STC analysis of the dysregulated lncRNAs among normal skin, scar, and MU. (A) The expression patterns of 8112 lncRNAs were analyzed and 16 model profiles were summarized. Each box represented a model expression profile, the upper number in the profile box was the model profile number and the lower one was the P-value. In total, 8 expression patterns of genes showed significant P-values (P<0.05; colored boxes). The profile No.3 (B) contained 684 genes and they were progressively downregulated from the normal skin to scar to MU tissues. The profile No.12 (C) contained 334 genes and they were progressively upregulated. The profile No.7 (D) contained 768 lncRNAs which were basically downregulated in MU. Letter A, B and C in the horizontal axis denoted normal skin, scar, and MU, respectively. The vertical axis displayed the time series of gene expression levels for the gene. MU – Marjolin ulcer; lncRNA – long noncoding RNA.
LncRNA-mRNA co-expression and function prediction
The co-expression network was composed of 5 lncRNAs and 334 coding genes (Figure 5). GO and pathway analysis for the co-expressed mRNAs revealed that they were highly enriched in cellular protein metabolic process (ontology: biological process), cytoplasm (ontology: cellular component), and RNA binding (ontology: molecular function), and that the p53 signaling pathway was the most highly enriched pathway (see Supplementary Figure 2). LncRNA NR_026995 was negatively correlated with YWHAZ, SESN3, PRKDC, CDKN1A, and CDK1 levels, while lncRNA TCONS_00007922 was positively correlated with SKP1, RRM2, RB1, CCND2, and CDC23 levels, and those mRNAs are mainly involved in the p53 signaling pathway and cell cycle. Intriguingly, TNFAIP1, SERPINB5, and RB1, which are well known as tumor suppressor, were all co-expressed with lncRNA ENST00000432694, TCONS_00007922, uc001oou.3, and ENST00000457834.
Figure 5.
LncRNA-mRNA co-expression network in MU. The network is based on Pearson’s correlation coefficient. In this network, squares in yellow represent upregulated lncRNAs, squares in green represent downregulated lncRNAs, nodes represent mRNAs, solid lines mean positive correlations, while dashed lines mean negative correlations. MU – Marjolin ulcer; lncRNA – long noncoding RNA; mRNA – messenger RNA.

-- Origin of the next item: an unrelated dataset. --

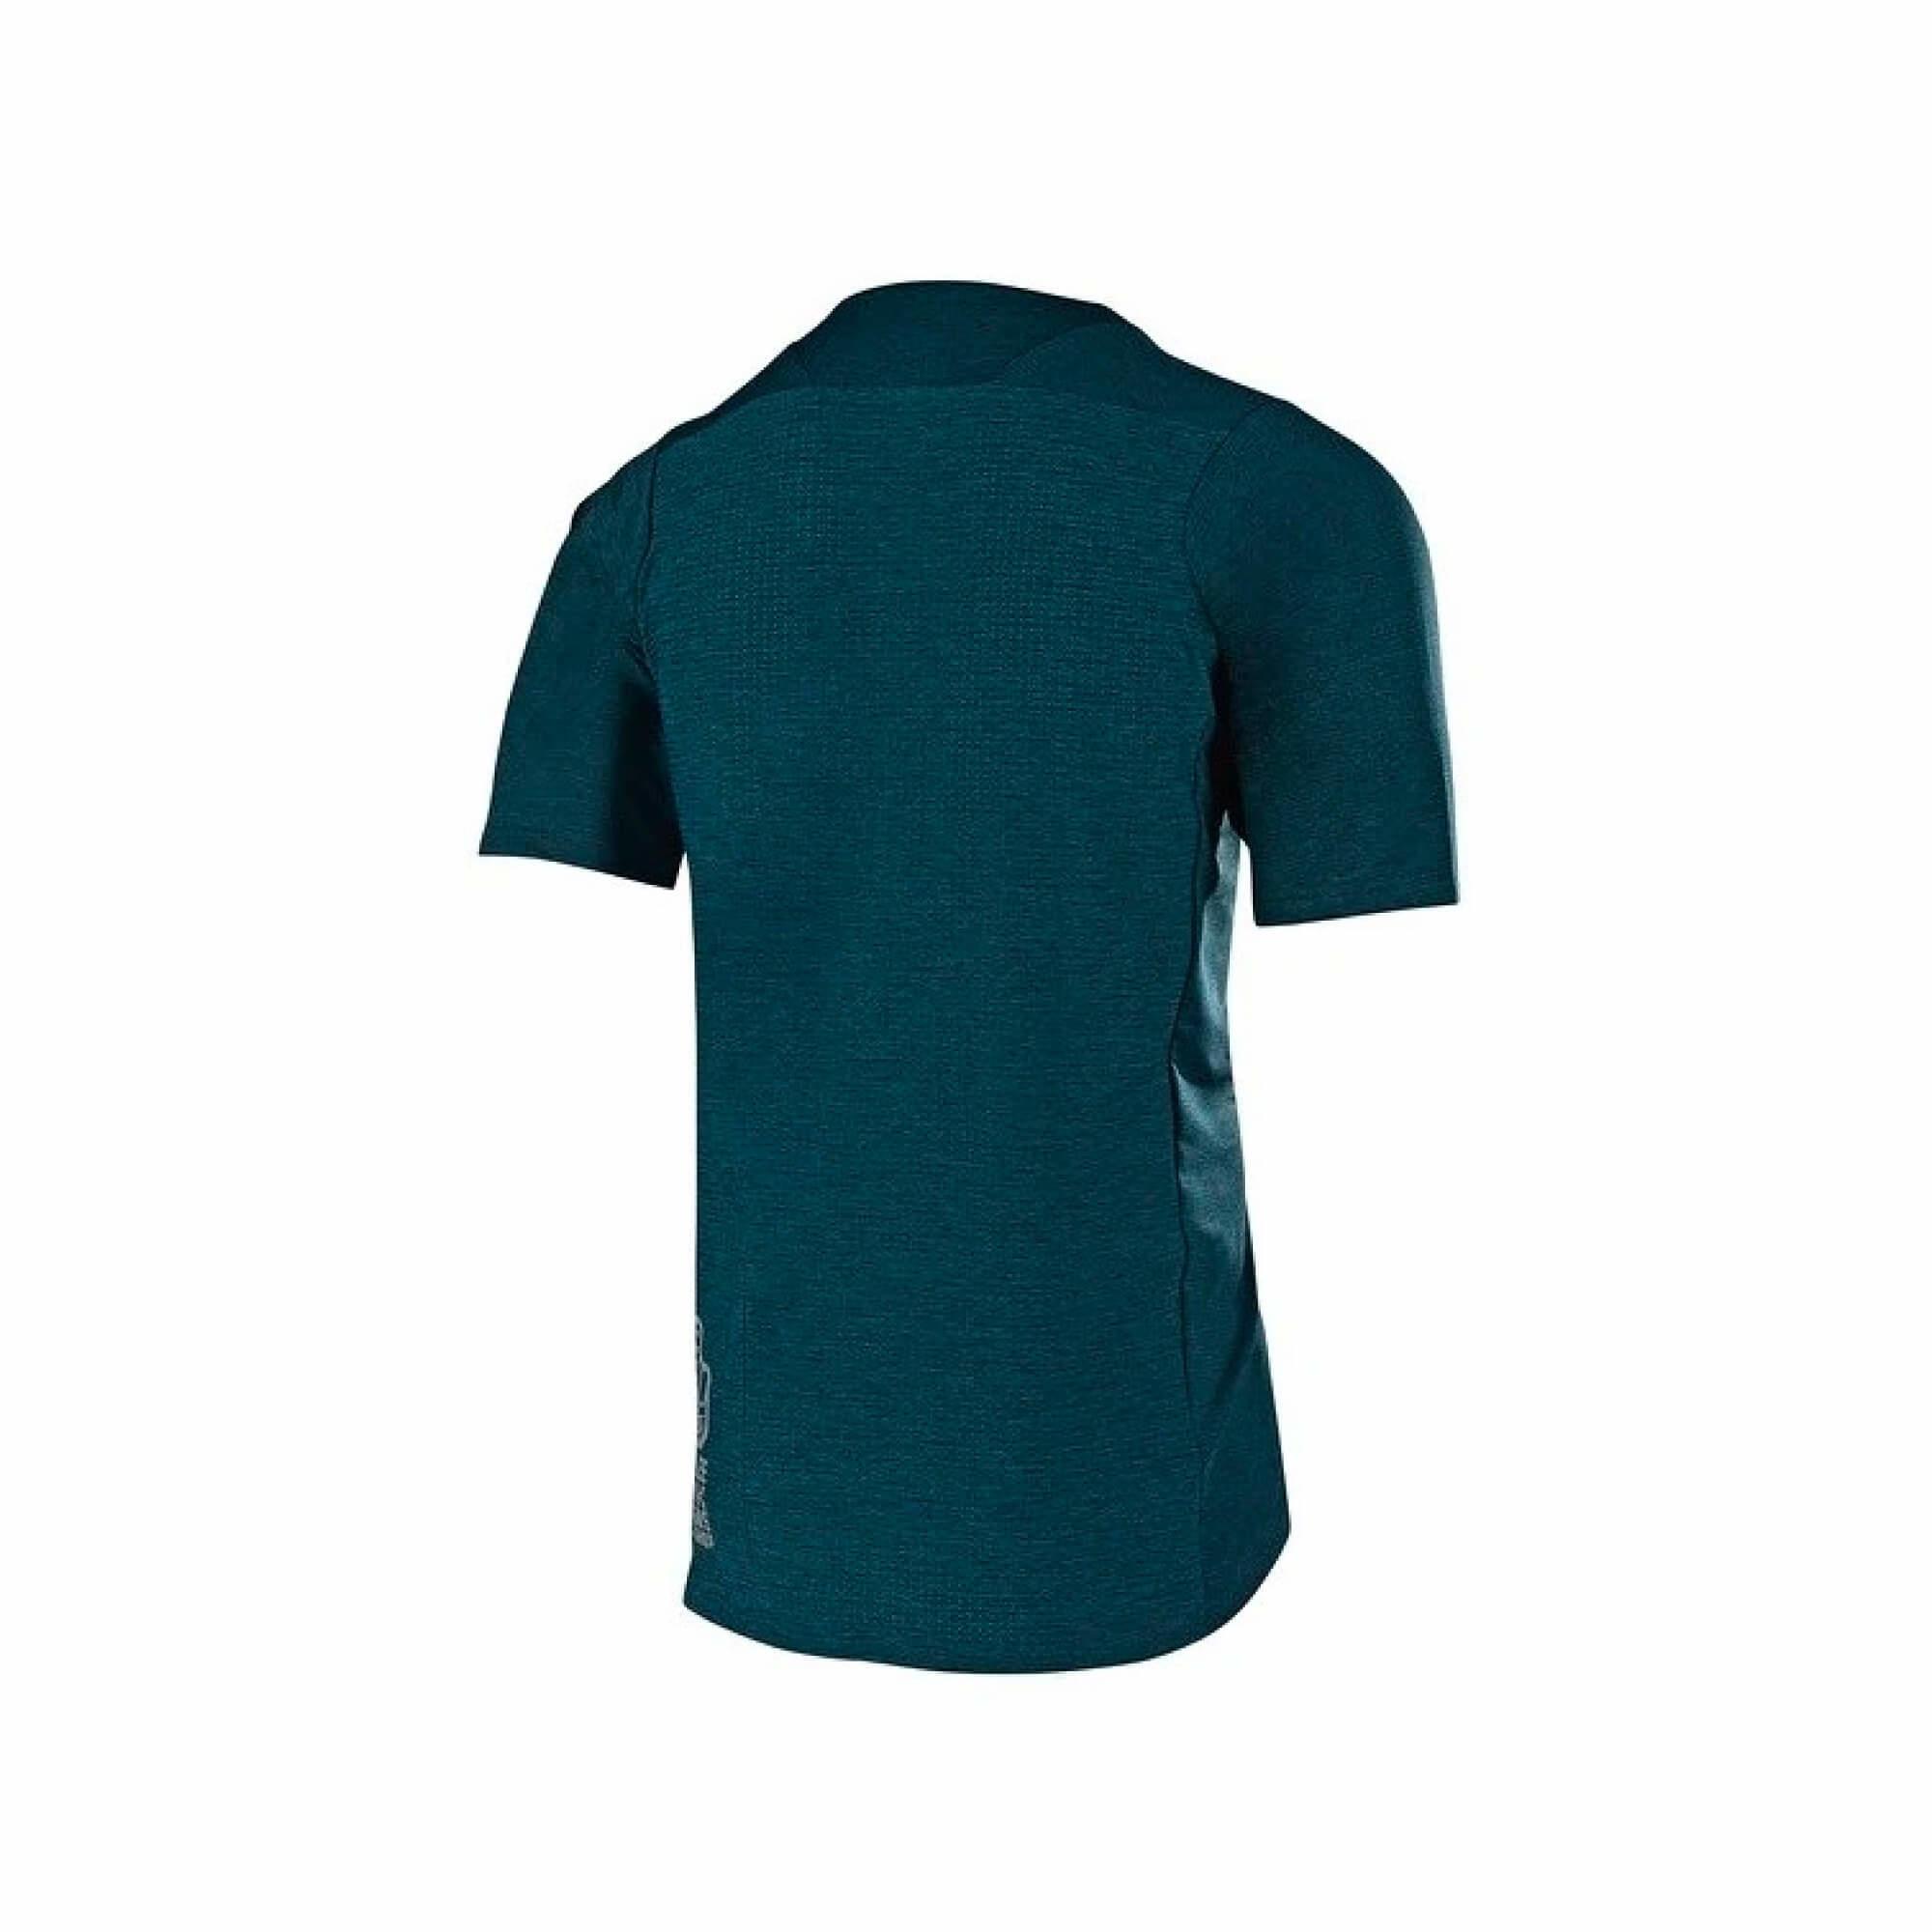 Skyline Short Sleeve Jersey HTR 20-2

Construction of a ceRNA network
We predicted a ceRNA network consisting of 4 lncRNAs (lncRNA NR_026995 was filtered for reasons described in the methods section), 75 mRNAs, and 97 miRNAs (Figure 6). Some of the involved mRNAs have been reported to be associated with cancers such as MDM4, NF2, TP53I11, and IGF1. Particularly, downregulated lncRNA uc001oou.3 is predicted to be involved in ceRNA of miR-6849-3p targeting MDM4, JAK3, and STAT2 (the latter 2 were excluded from the network for their expression trend was contrary to lncRNA uc001oou.3), and both lncRNA uc001oou.3 and MDM4 were validated for a downregulation in MU. The ceRNA network might bring novel insight for the tumorigenesis mechanisms of MU. Of note, further validation of candidate ceRNA will be indispensable.
Figure 6.
Competing endogenous RNA (ceRNA) network in MU. The ceRNA network was based on lncRNA-miRNA and miRNA-mRNA interactions. In this network, nodes in cyan represent lncRNAs, nodes in blue represent mRNA, nodes in red represent miRNA, and the edges represent sequence matching. MU – Marjolin ulcer; lncRNA – long noncoding RNA; micRINA – microRNA; mRNA – messenger RNA.
Discussion
MU is an aggressive malignancy, and the malignant degeneration of post-burn scars and lesions is an ineluctable eventuality. However, the exact pathogenesis of MU is not yet fully understood. Nevertheless, a tumor-promoting microenvironment caused by chronic inflammation should be largely incriminated [16]. Hitherto, lncRNA expression profiles have been widely used to reveal the underlying molecular mechanisms contributing to pathogenesis of many human diseases. Wan et al. have reported that lncRNAs play an important role in regulating the skin physiology function and diseases development [17]. Furthermore, they are also implicated in skin wound healing and hypertrophic scar formation [18,19]. As lncRNAs are expressed in a disease-, tissue- or developmental stage-specific manner, they are closely associated with malignant processes and so are attractive diagnostic and therapeutic targets [20]. A number of lncRNAs have been found to be responsible for cancer initiation and progression [21].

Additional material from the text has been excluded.